Day Traders Diary
9/6/24
The major averages took it on the chin with the S&P 500 notching its worst week since March 2023, even as the August jobs report was not as dire as feared. The Dow Jones Industrial Average fell 410.34 points, or 1.01%. The S&P 500 fell 94 points or 1.7% while the Nasdaq fell 436 points or 2.55%.
The sell off was led by tech once again with Broadcom dropping 10% even as earnings were better than expected and revenue grew 47% year over year to $13.07 billion. Nvidia fell 4%, while the rest of the chips were down 3% to 2% each. Al the big cap techs fell as well with Google, Meta and Amazon down 3% or more. The VanEck Semiconductor ETF declined 4%, posting its worst week since March 2020.

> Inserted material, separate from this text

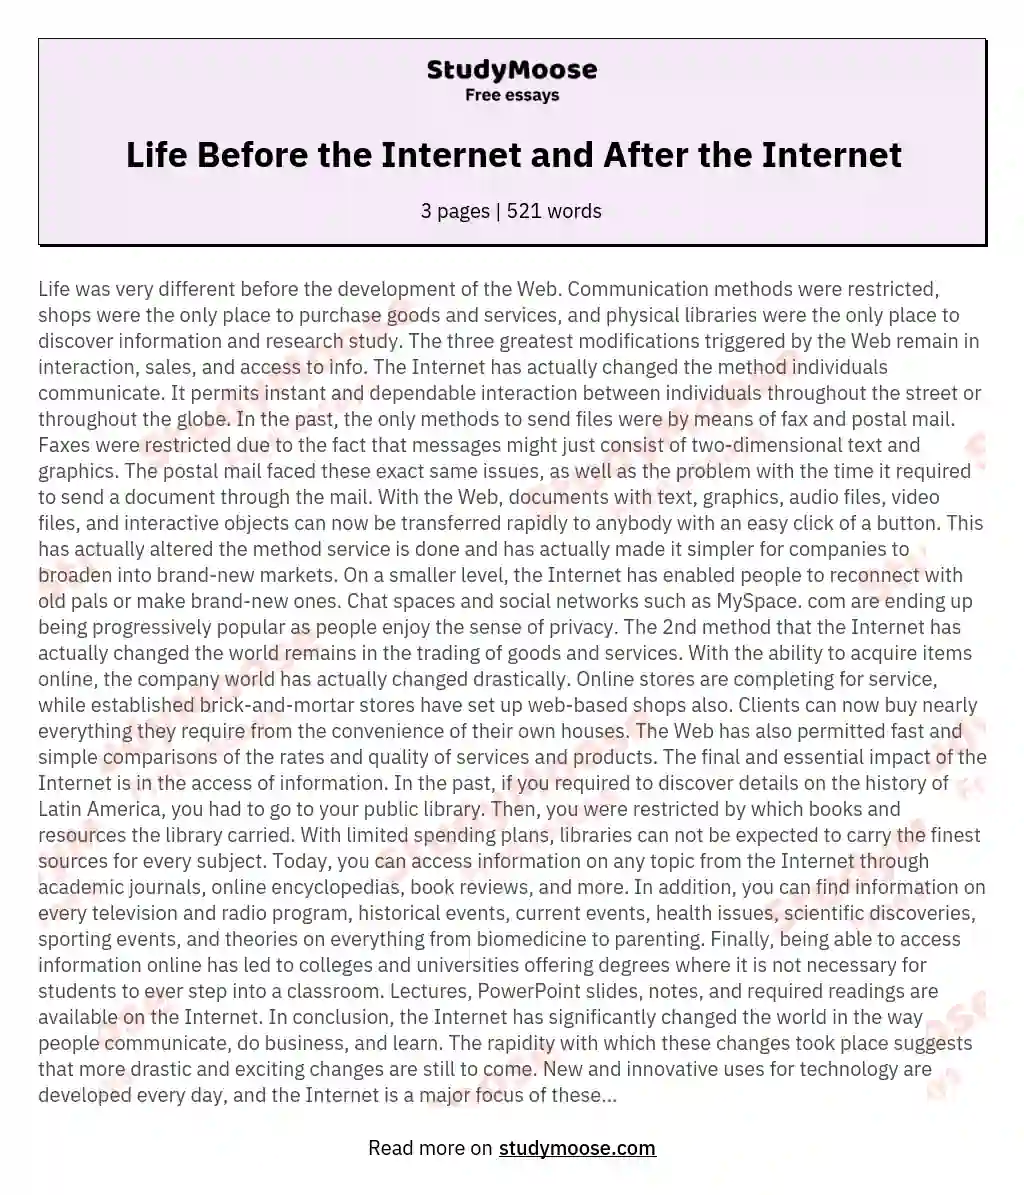 Life Before the Internet and After the Internet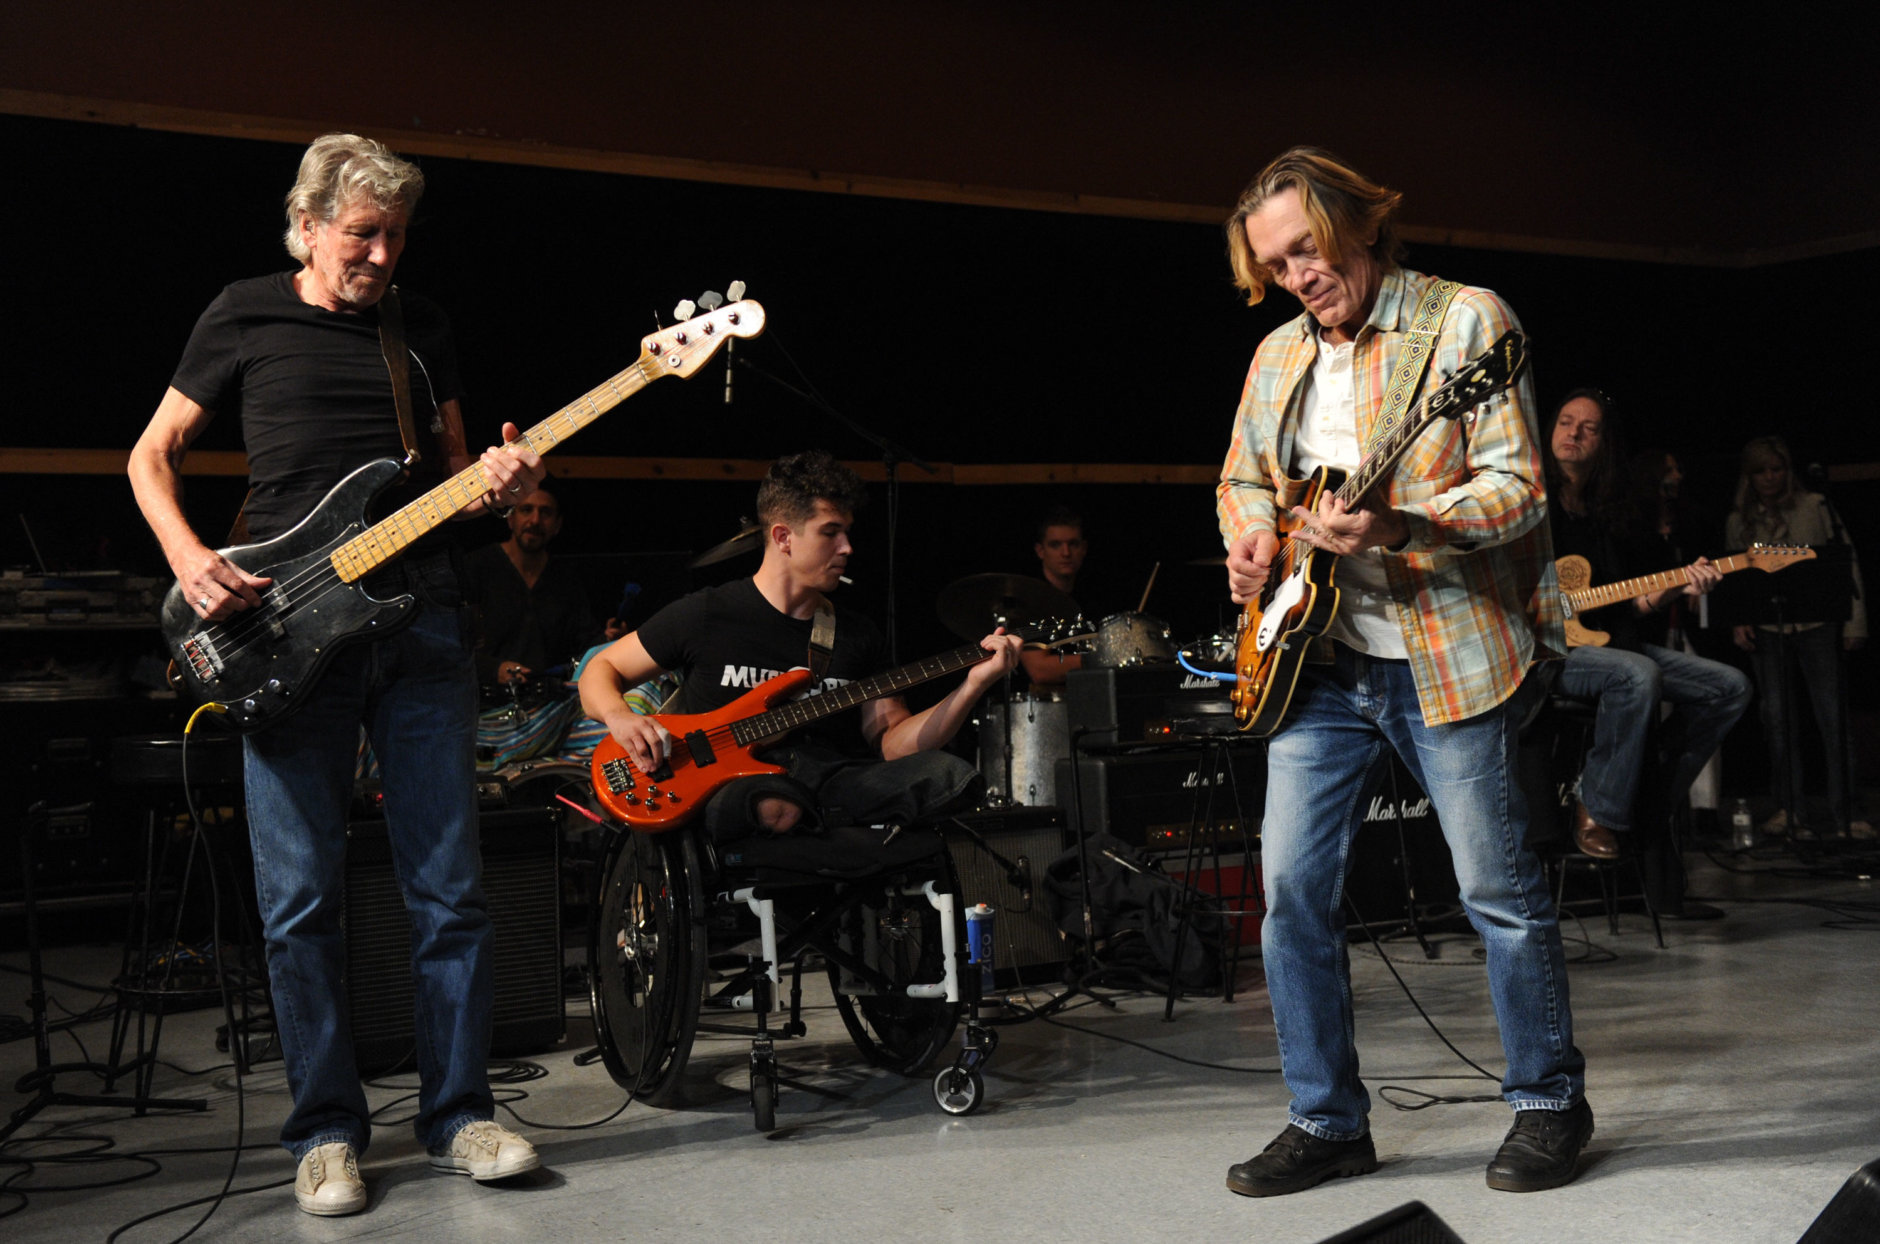 Musician Roger Waters, left, and his band member guitarist G.E. Smith, right, hold rehearsals with members of the Wounded Warriors Project, including Marine Corporal Marcus Dandre, for the "Stand Up For Heroes" benefit concert presented by the New York Comedy Festival &amp; the Bob Woodruff Foundation at S.I.R. Studios on Monday, Nov. 4, 2013, in New York. (Photo by Evan Agostini/Invision/AP)

The yield on the 10-year Treasury fell just one basis point to 3.72%. The 2-year Treasury yield dropped 9 basis points to 3.66%. Nonfarm payrolls grew by 142,000, versus a 161,000-gain expected by economists polled by Dow Jones. However, the unemployment rate edged down to 4.2%, in line with expectations. The economic data all week pointed to a slowing economy and the need for rate cuts to prevent and further weakening in the economy.
The modest strength in the markets was in the defensive sectors with AT&T up a percent and consumer staples and tobacco stocks with above average dividends higher as well.
On the week, the S&P 500 declined 4.3%, its worst week since March 2023. The Nasdaq shed 5.8% for its worst week since 2022, while the 30-stock Dow slumped 2.9%.